Provided records ->
* * * * *

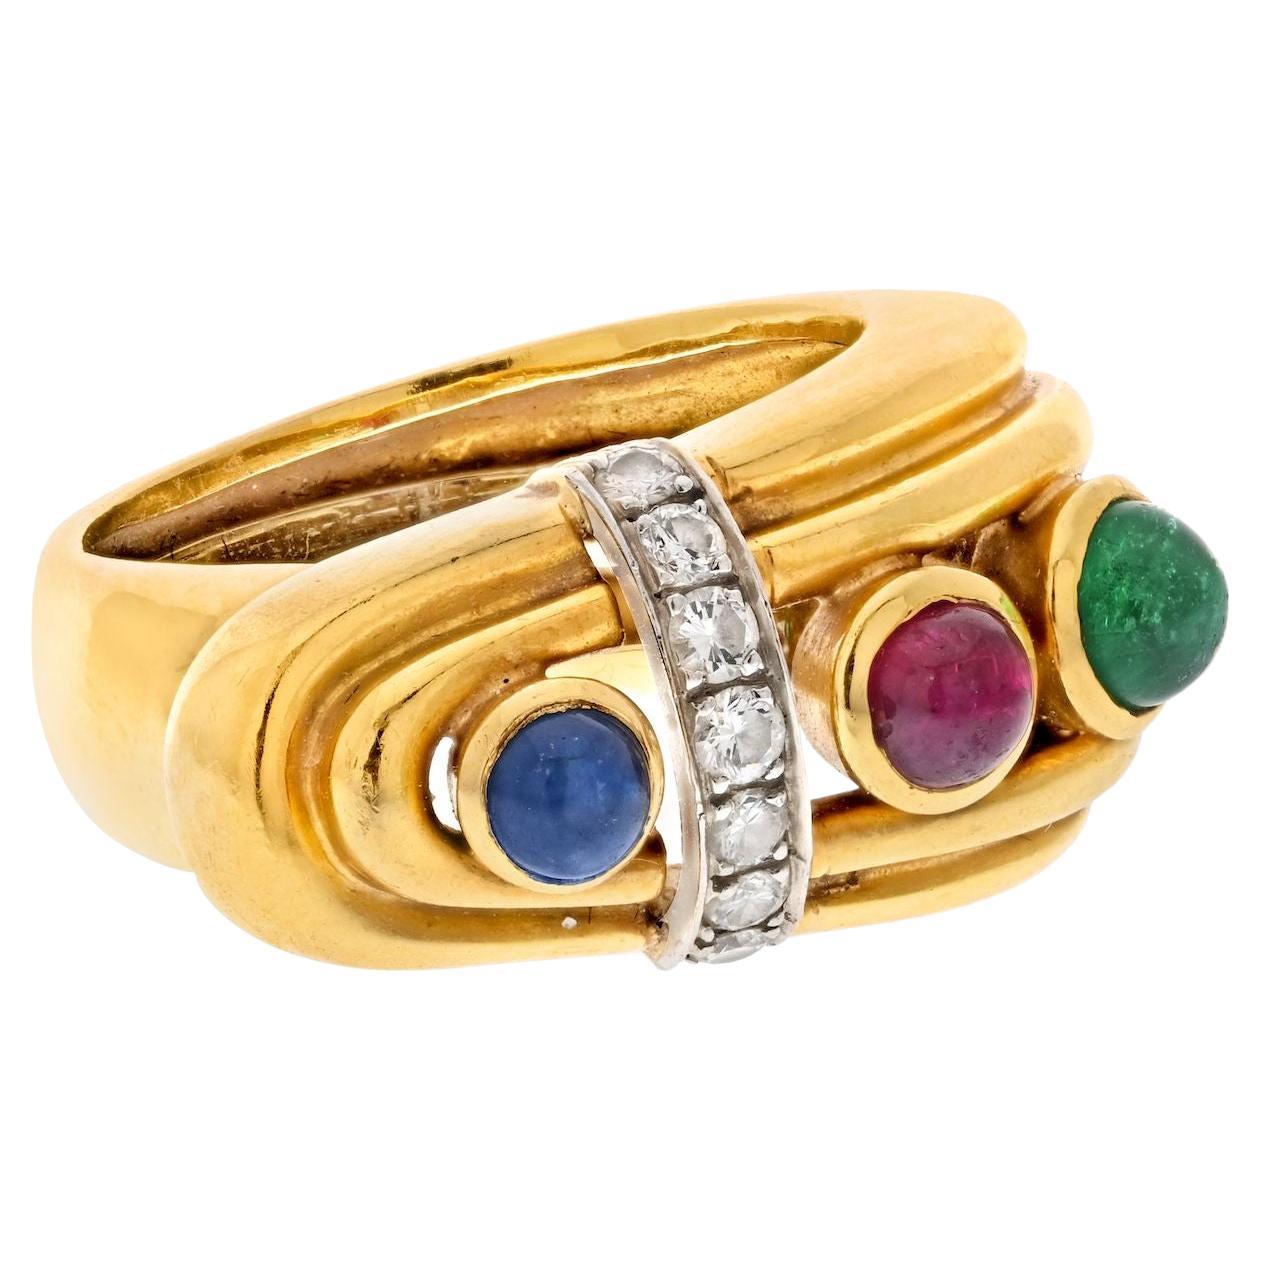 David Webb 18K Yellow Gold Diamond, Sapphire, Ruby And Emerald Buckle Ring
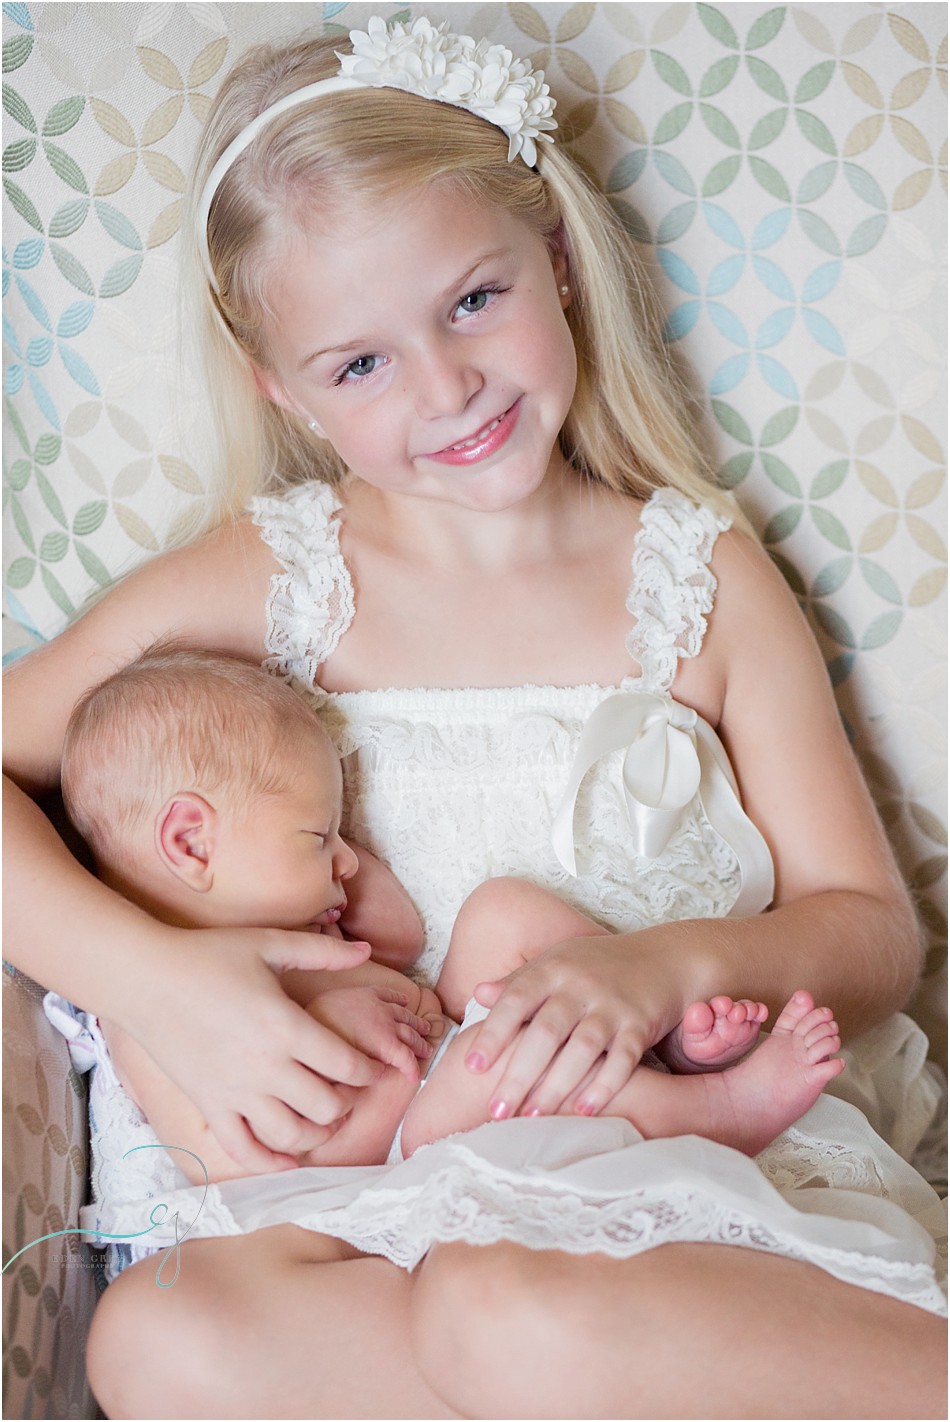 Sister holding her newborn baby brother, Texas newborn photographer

* * * * *

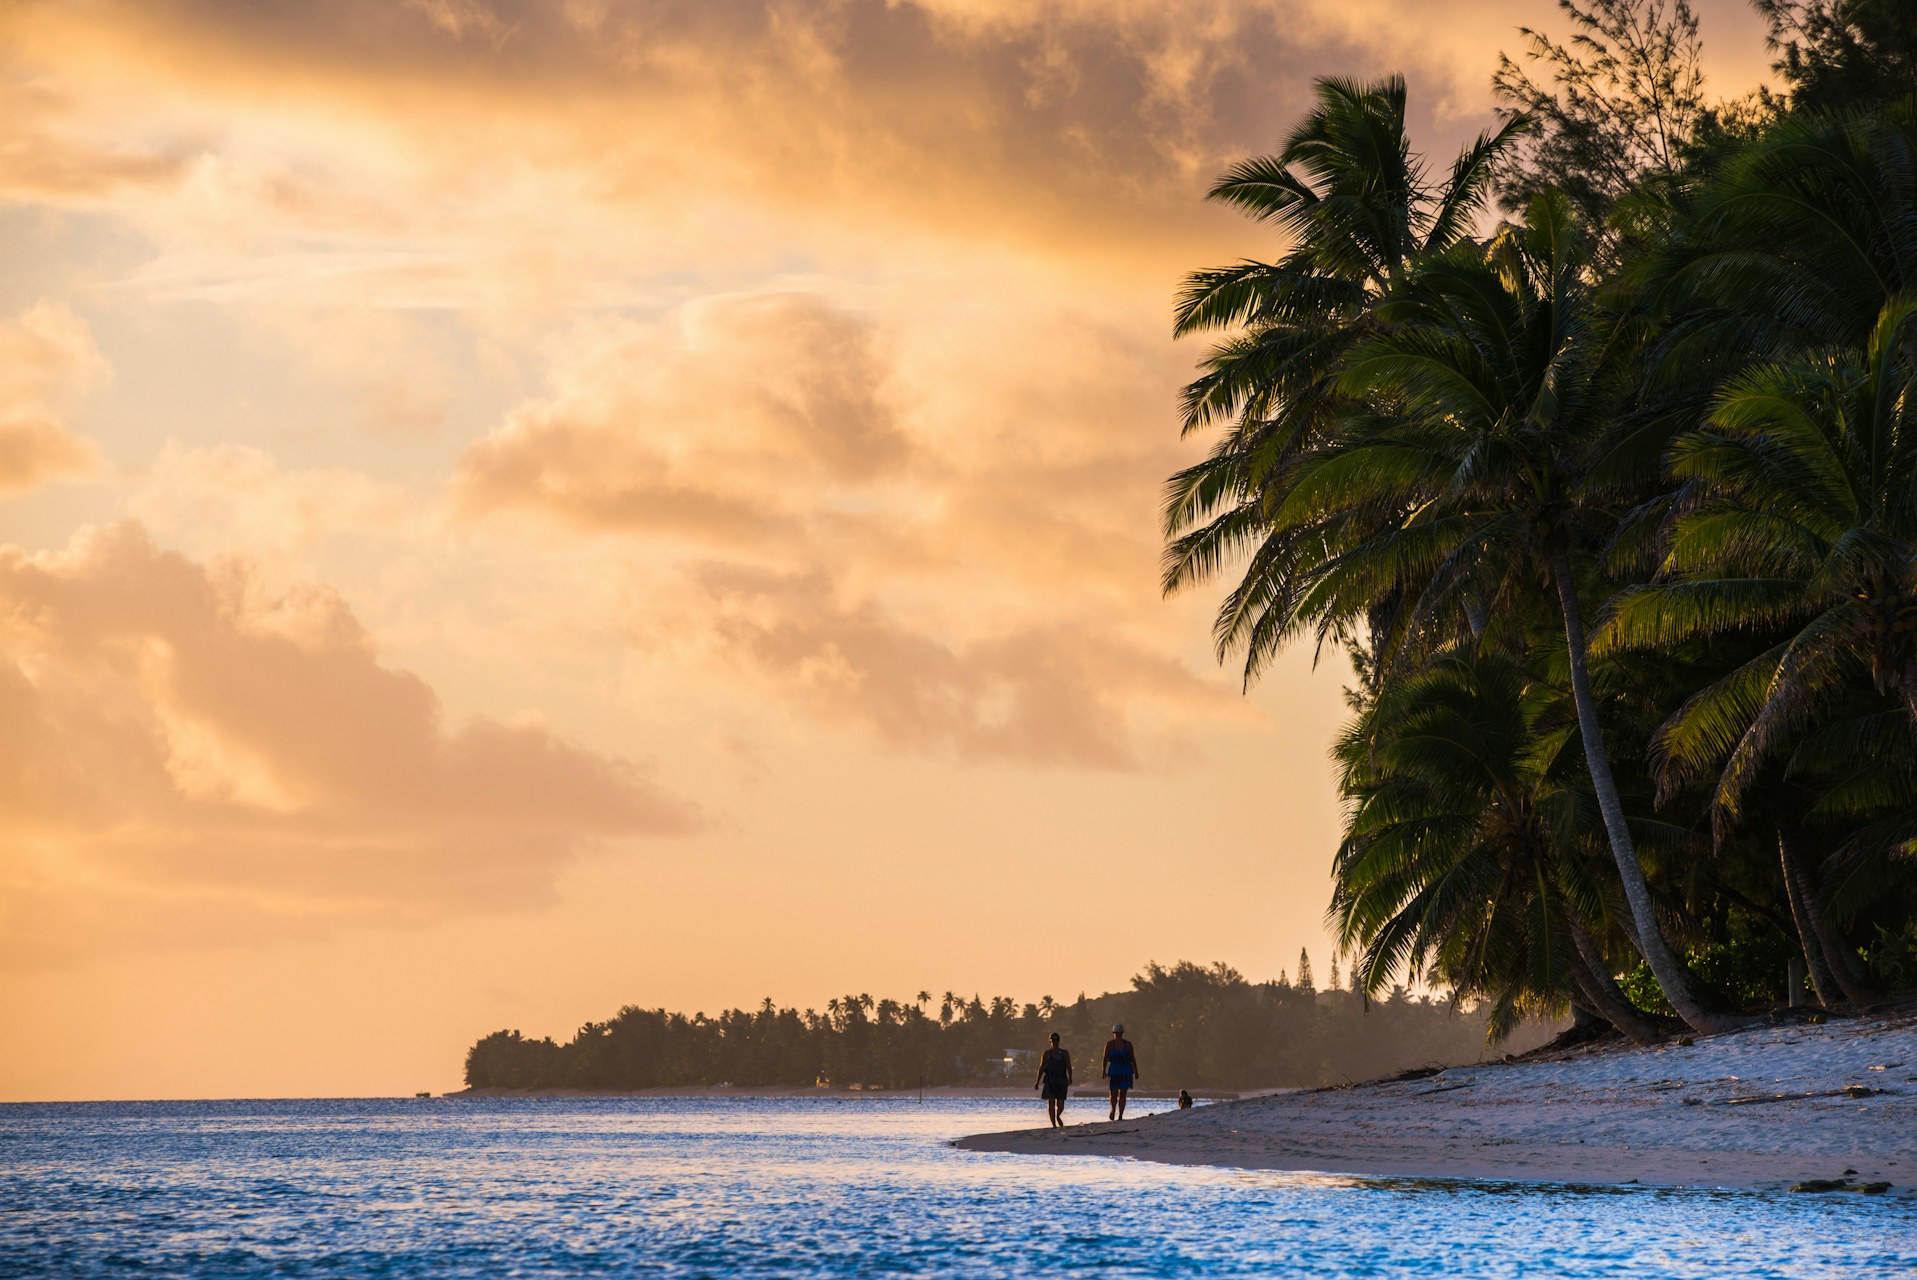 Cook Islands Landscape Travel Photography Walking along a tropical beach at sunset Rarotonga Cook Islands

* * * * *

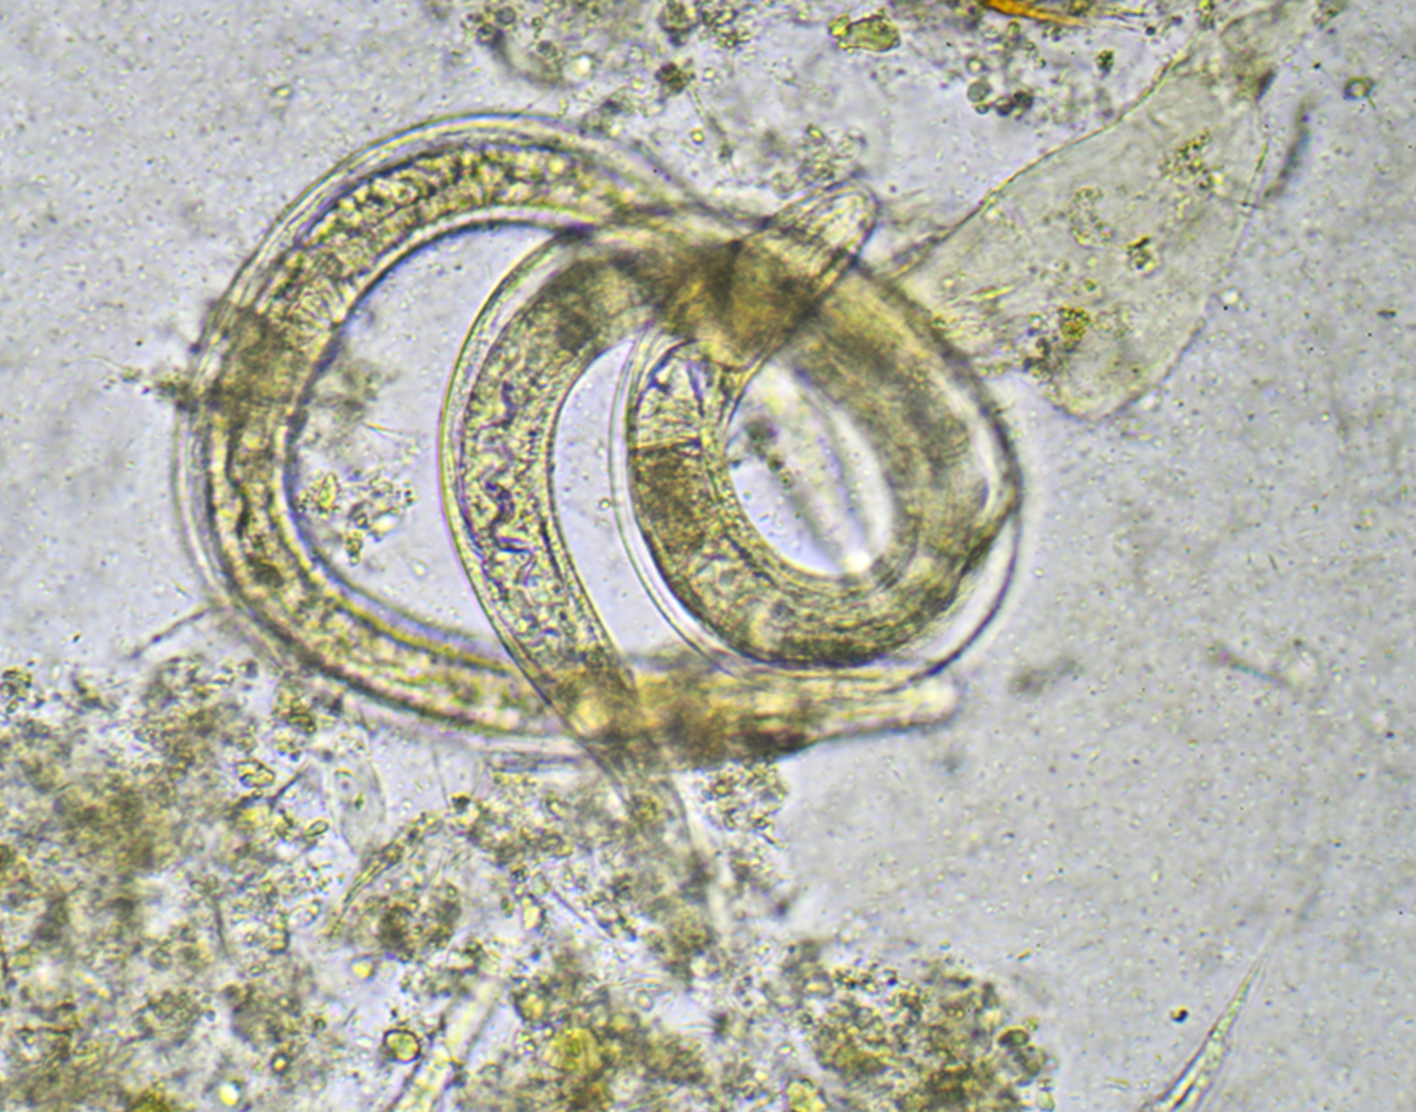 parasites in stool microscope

* * * * *

Problem requirements ->
Using the data above, retype exactly and only the lines from the one containing "David Webb 18K" up to and including the one containing "Sister holding her", with no pictures carried over.

Solution for this task ->
 David Webb 18K Yellow Gold Diamond, Sapphire, Ruby And Emerald Buckle Ring
 Sister holding her newborn baby brother, Texas newborn photographer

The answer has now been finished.